People Living In Hotels Fear Homelessness Because Of The Coronavirus
- Written by Sam Turken
- Category: COVID
- Published: 09 April 2020
Markeeda Jones wakes up nearly every morning unsure if she will have to sleep outside the next day.
About a month ago, Jones, three of her teenage sons and her disabled mother began living at an Econo Lodge near Norfolk International Airport. Jones planned to stay there until she found a new apartment.
Then the private school where she works as a janitor closed because of the coronavirus. Now, she’s not working and can no longer afford to stay at the hotel. She spends each day asking churches and non-profit organizations for money to help pay for her room.
“Every day, you got it on your mind what you going to do for the next day,” Jones, 37, said. “I haven’t had a good sleep since this coronavirus hit.”
As the COVID-19 pandemic continues to hurt people’s finances, residents living in hotels or motels are increasingly at risk of becoming homeless. Many of them have been laid off, but room payments are still due.
WHRO has previously reported that the Supreme Court of Virginia has put a moratorium on eviction court cases until at least April 26. That means landlords currently cannot evict their tenants.

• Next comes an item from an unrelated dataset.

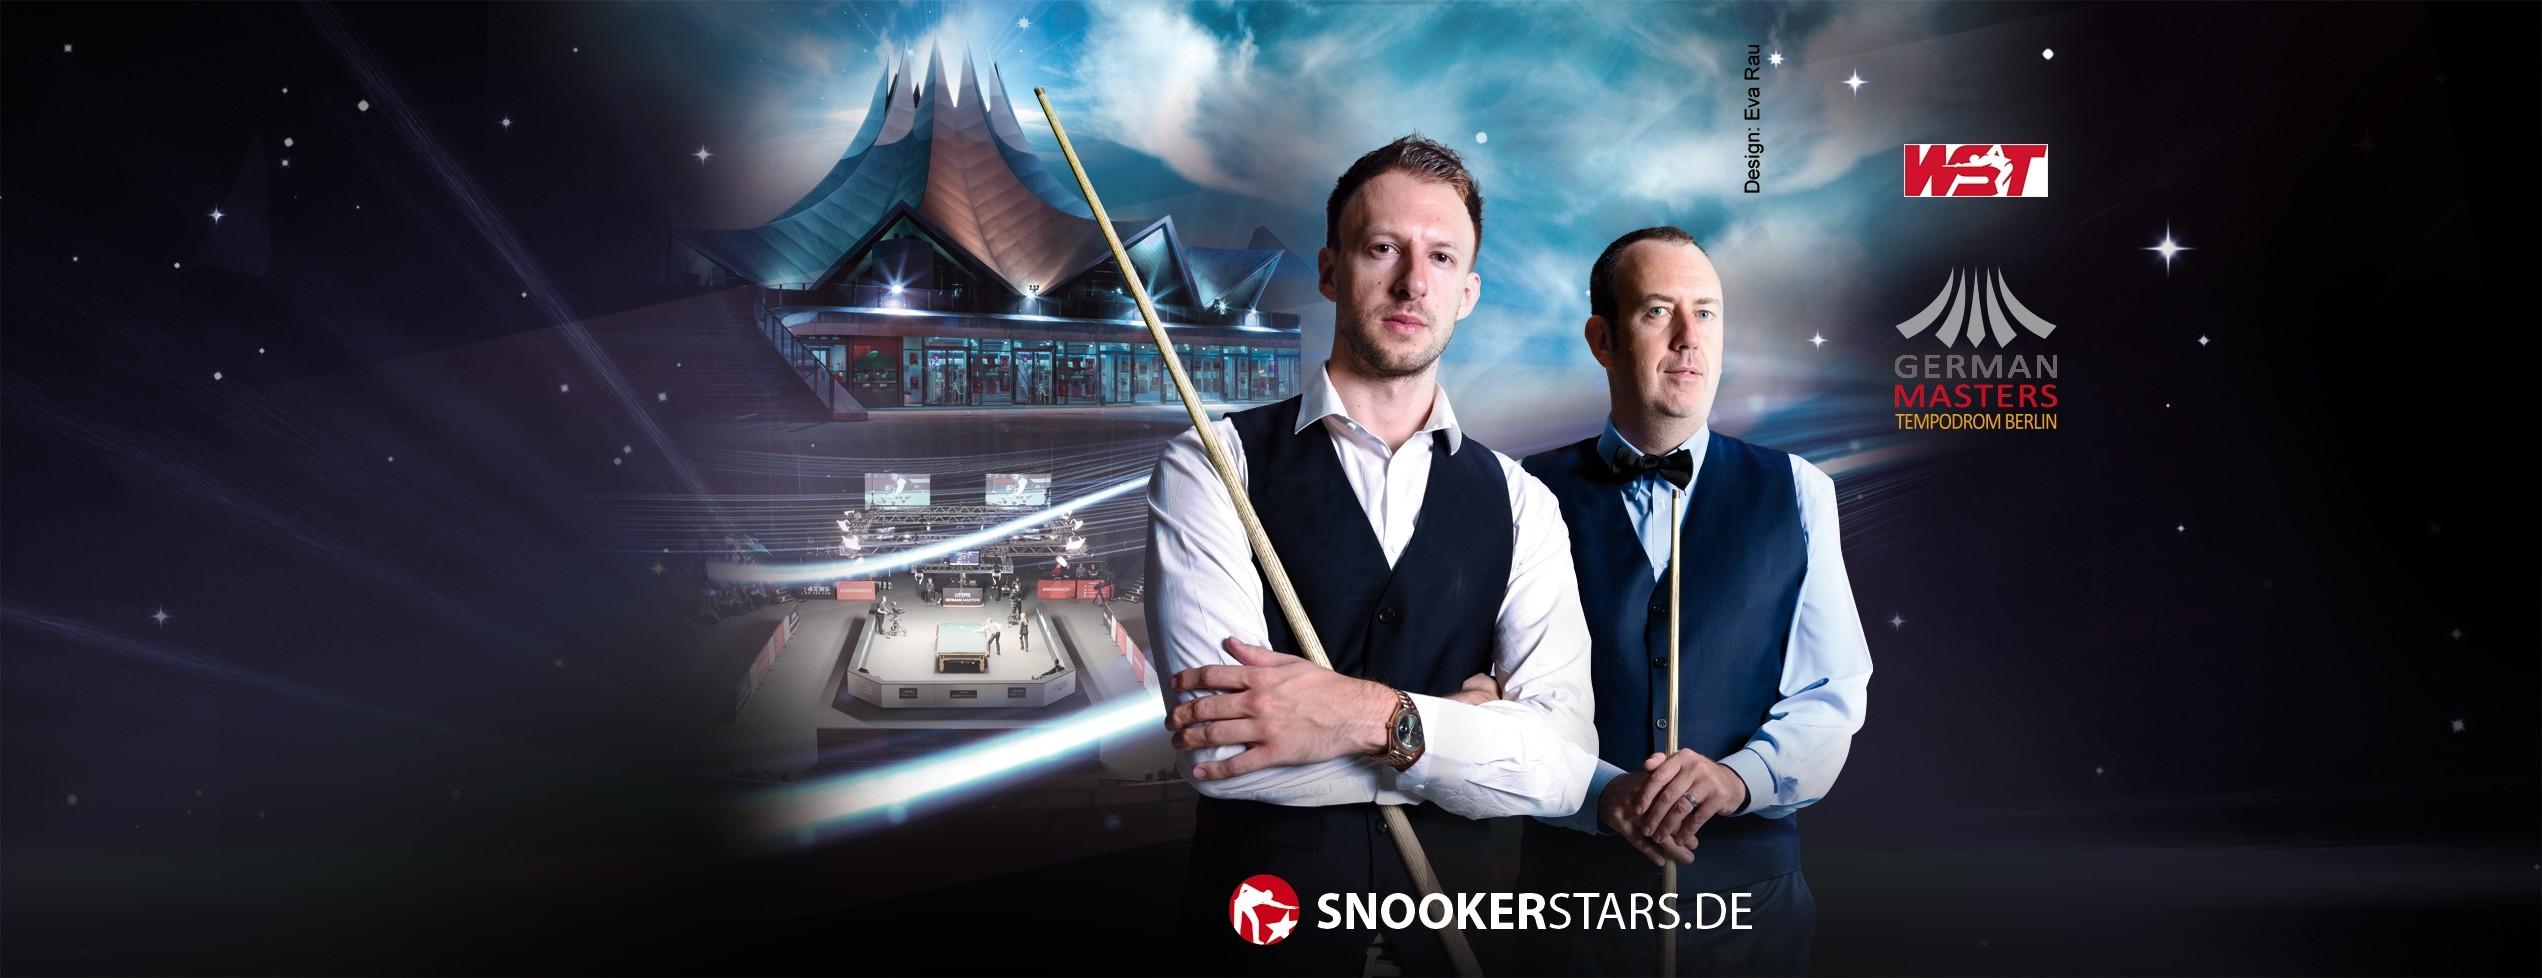 German Masters Berlin 29.01.2022 VIP BRONZE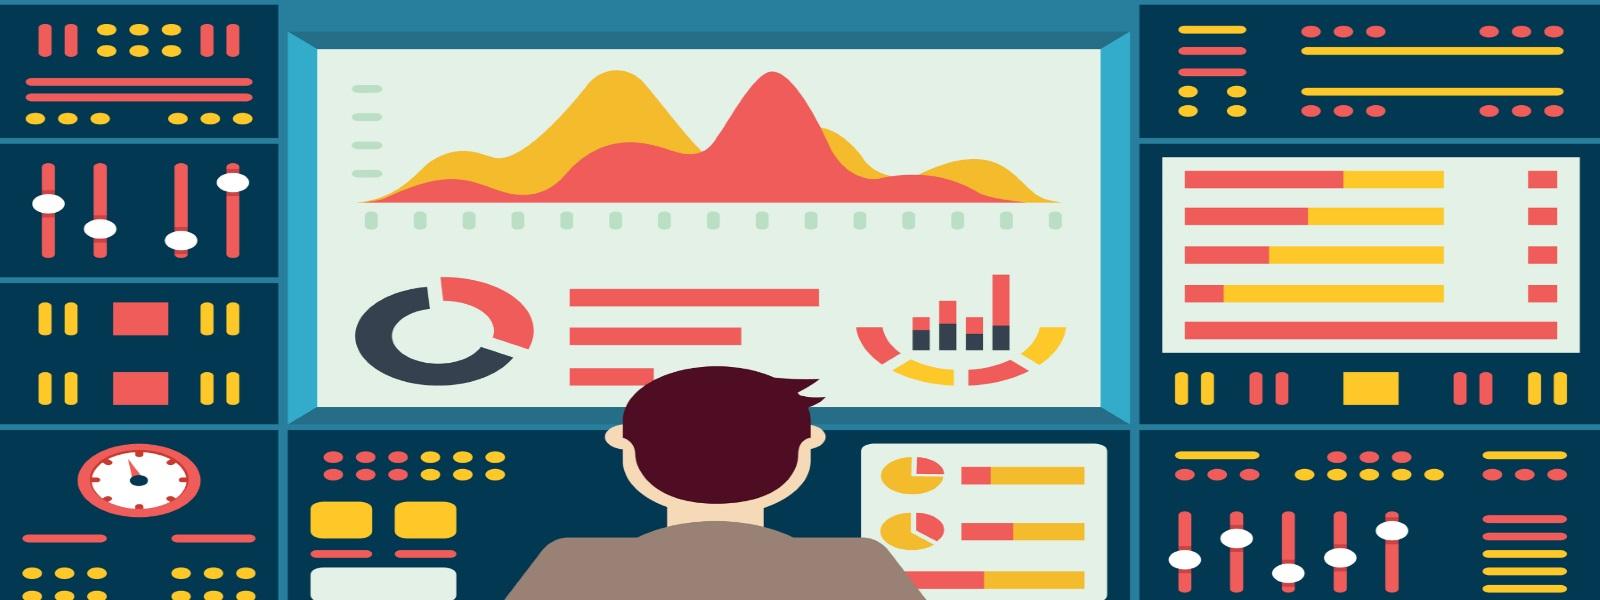 social-media-metrics2-1 A Complete Guide to Social Metrics

State law identifies people living in hotels for more than 90 consecutive days as tenants. Therefore, they are also currently protected from evictions. However, anyone living in a hotel for fewer than 91 days has no protections.
“It’s a bad policy for us to be kicking someone out just because they are living in something that is a hotel instead of an apartment building,” said Christine Marra, the director of housing advocacy at the Virginia Poverty Law Center.
Marra said the 90-day rule is arbitrary and the protection should cover anyone living in a hotel or motel, regardless of the time period.
She said the law used to address hotel or motel stays of 30 days. However when the Virginia Housing Commission tried to change the rule in 2012, a resulting compromise was the current law, she said.
“I made a mistake," Marra said. "I didn’t realize how bad a policy this was when I was part of the team that negotiated it. The compromise that we reached is now creating homelessness unnecessarily in the middle of a public health crisis.”
WHRO asked Pam Kestner, the deputy director of housing at the Virginia Department of Housing and Community Development, if the state is doing anything to help people living in hotels. She said local homeless organizations receive funding to help deal with problems involving homelessness. She said hotel residents seem to be missing out on the funding and housing coverage and that she will seek more information about the problem.
Multiple Hampton Roads residents who have been living in hotels or motels for fewer than 91 days said they are close to becoming homeless. And they are struggling to find other shelter options.
Ashlie Williams, her boyfriend and three children — including a seven-month-old daughter — moved into a Motel 6 in Norfolk about two months ago after leaving their apartment because of rat and roach infestations. They planned on staying at the motel while they searched for an apartment.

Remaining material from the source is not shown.